Matcher: Machine Learning Matcher
The Machine Learning Matcher employs a pretrained machine learning model to match individual party data elements. With the 2024.4 update, the matcher supports person name and address matching.
The Machine Learning Matcher simplifies the matching process by improving the ability to create accurate and efficient matching algorithms for comparing person names and addresses. For name matching, the matcher supports groups of nicknames, further simplifying the process of defining the nickname aliases.
Important: For optimal performance, it is highly recommended to configure only one Machine Learning Matcher per Match Criteria, which can do both person name and address matching.
Note: The option to utilize the Machine Learning Matcher is exclusive to STEP SaaS systems. On-premises systems are not supported for implementing this matcher. Additionally, the use of the Machine Learning Matcher is exclusive to matching algorithms using embedded match codes. For more information, refer to the Match Codes topic in the Matching, Linking, and Merging documentation
Version
The Machine Learning Matcher has a version concept that allows versioning of the matcher. New versions are released outside of the normal STEP update cycle. In the Machine Learning Matcher configuration dialog, there is a link to open 'Release Notes' that explain the changes done in each version.
Note: The version dropdown in the configuration dialog includes information about versions that are incompatible with the currently installed STEP version. If a selected version is incompatible, it is required to upgrade STEP to use the chosen version.
Every version of the matcher has a different underlying pretrained machine learning model and will therefore produce different scores. Additionally, each version can have different capabilities, supporting different data elements and producing different score output elements.

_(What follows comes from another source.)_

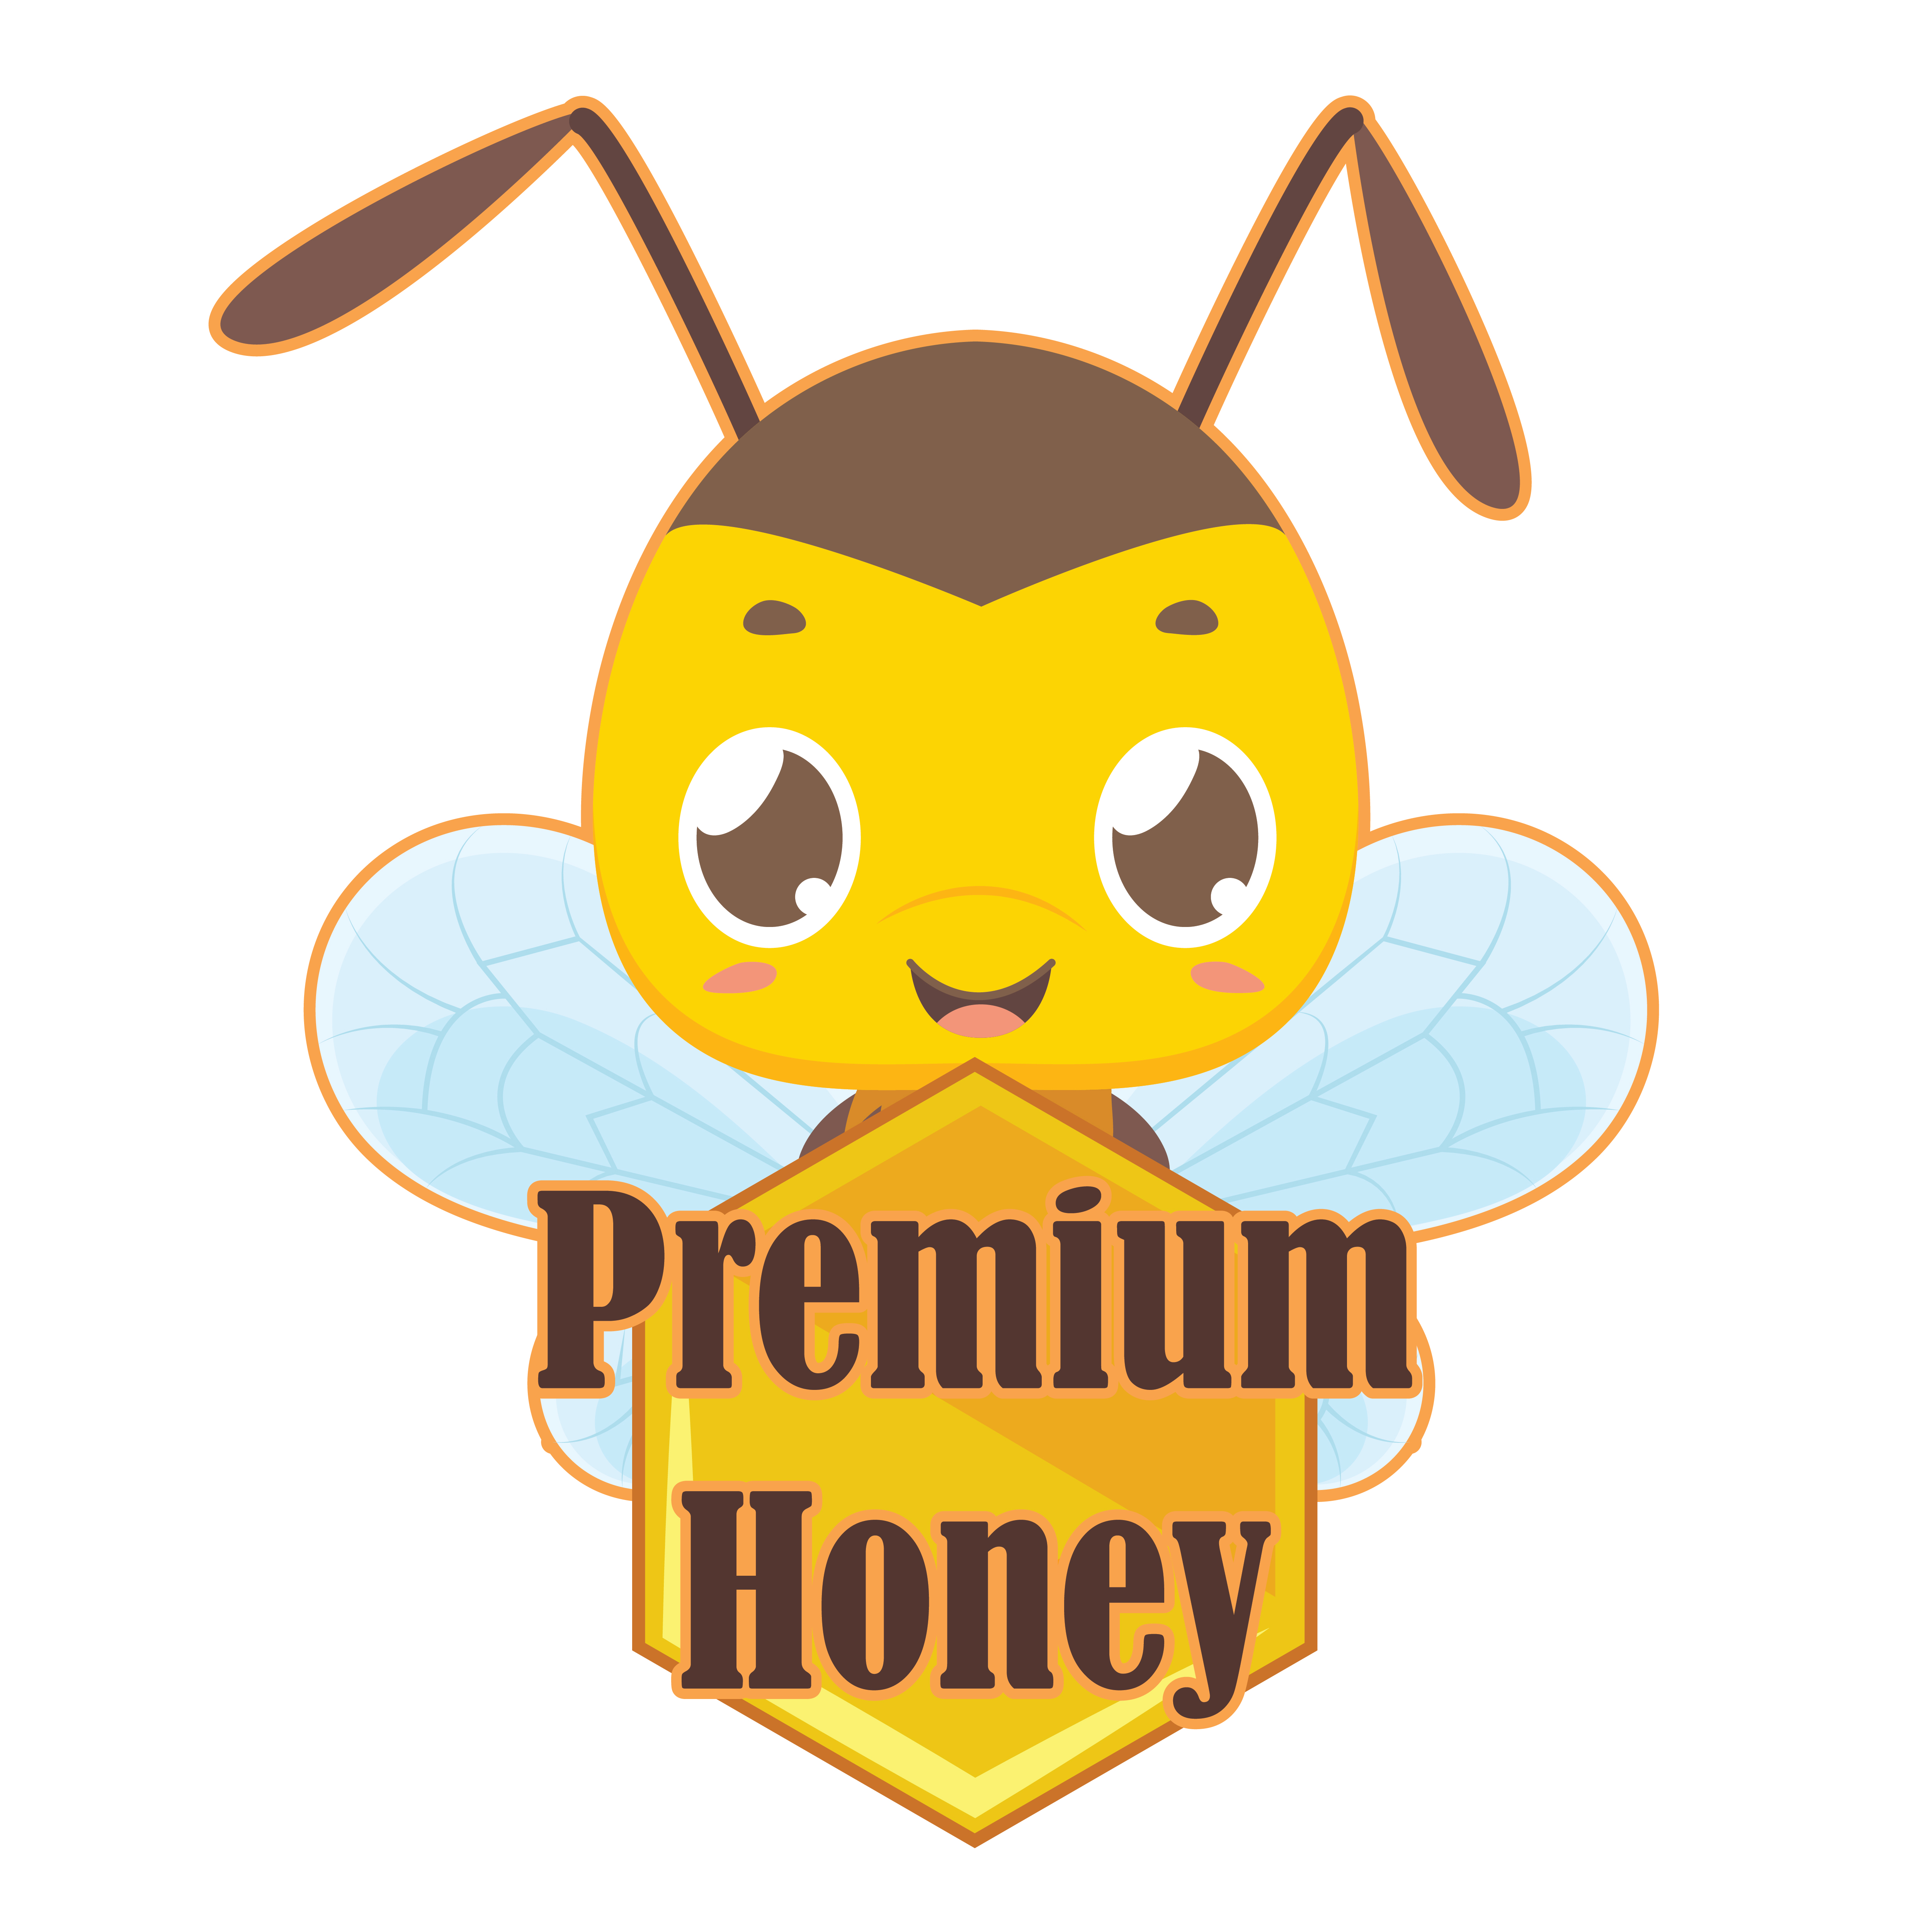 Download Premium honey badge with cute bee - Download Free Vectors ...

The versioning system consists of a major version number (first digit), a minor version number (second digit), and the date it was released. The rules governing these are:
-
Major versions: Involves a change in supported input data elements and / or a change in output score elements.
-
Minor versions: Involves a change to the scores, but the supported input data elements and output score elements remain the same.
Data Elements
The Machine Learning Matcher takes input from the Data Elements that are selected in the matcher.
The matcher supports the ability to send sets of data, such as addresses. The system allows a maximum of 20 elements of input data to prevent performance degradation or service failure. If this limit is exceeded, a warning will be logged in the STEP log.
It is possible to configure only part of the data elements. The output scores corresponding to unconfigured data elements will always be 0.
Note: Subsequent versions will be released outside of the normal STEP update cycle to support additional party data object types.
Person Name Alias Group CSV Asset
Some versions support a ‘Person Name Alias Group CSV Asset’ which is a CSV file containing nickname alias groups that will be used in the person name matching. The file enables STEP to provide additional information to the matching process, facilitating the identification of names that are nicknames or shorthand versions of longer names.
For example, if a person is registered under different names like ‘Bill’ or ‘William’, the matcher might return a low name match score. By providing the CSV Asset, the matching service can recognize the match between the two names, resulting in a higher score. Data stewards can maintain and adjust the CSV Asset to suit their company’s unique data requirements.
All names on each row of the file are considered part of a nickname group, and all names are handled equally, meaning that the order of the names has no significance.
Additionally, the nickname groups can be utilized when generating match codes. For more information, refer to the Match Code Generator: Person Name and Address topic in the Matching, Linking, and Merging documentation.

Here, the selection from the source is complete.